Abel was so proud when his friends would tell him how lucky he was to marry a beauty like me. He showered me with beautiful clothes and accessories and even took me to the beauty parlor every week. At parties, he enjoyed watching the people's admiring eyes looking at me.
All this changed after I met an accident in the bus that disfigured my face and left me with a permanent limp. I cried for weeks when I realized that the damage was permanent. I became depressed and hardly faced the visitors who came to see me. After a while, our friends stopped coming. I stayed in the house most of the time and would go out only at night.
I could see Abel's unhappiness when he looked at me and he began drinking a lot. He didn't kiss me, or make love to me anymore. This only added to my depression. I began to nag him and would not stop until he lost his temper and stormed out of the house. Our children are suffering because of the tension in our house. I am so insecure because I suspect Abel might have found another woman to make him happy. I told him if he wants another woman in his life, he should leave us and go with her. This makes him angry and he walks out on me even if I'm still talking to him. What should I do?
Dear So Depressed,
My heart goes out to you. I know how you must be suffering.

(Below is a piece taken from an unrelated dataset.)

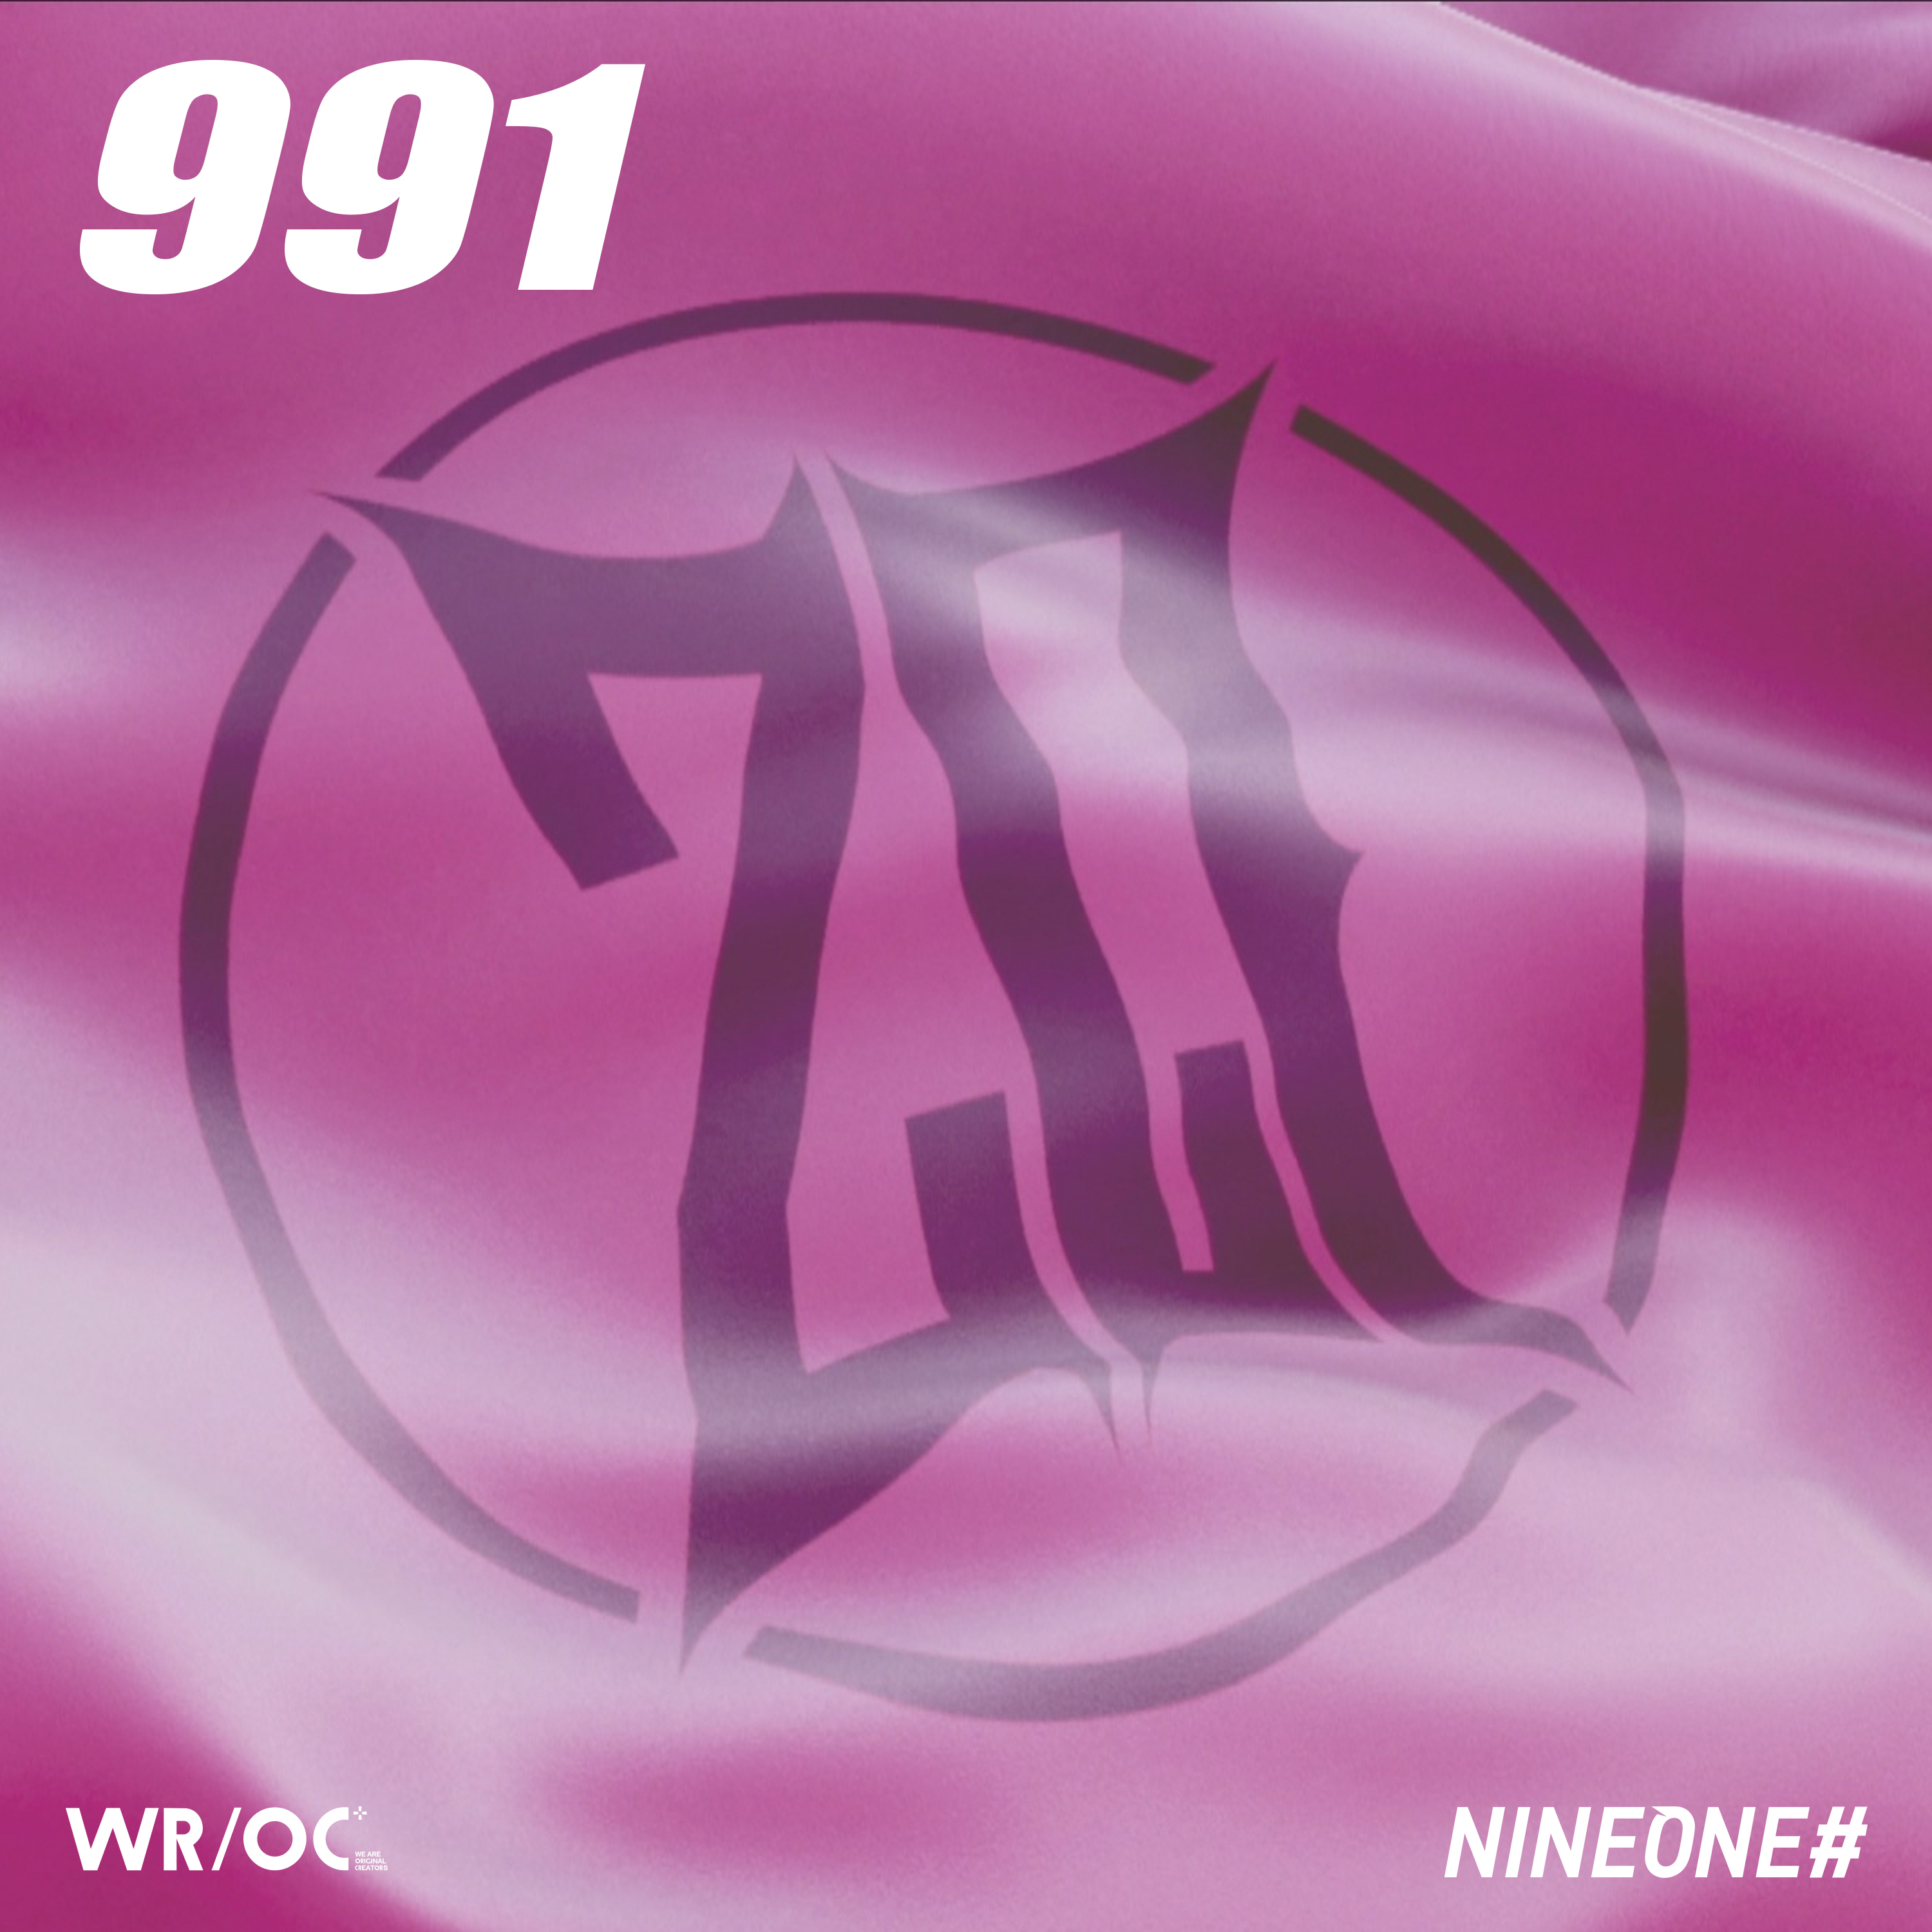 991歌词 歌手NINEONE#-专辑991-单曲《991》LRC歌词下载

But what happened was an accident. It was nobody's fault, and you shouldn't take out your anger and frustrations on Abel. You are driving him away with your nagging. Try to be pleasant with your family even if you are not in the mood.
I have seen people with disfigurement, who managed to remain pleasant and nice to be with, despite their misfortune. Have a heart-to-heart talk with Abel and tell him how you feel. Make him understand that it is your disfigurement that has made you act this way.
Hopefully, it is not too late and he will understand and be more compassionate.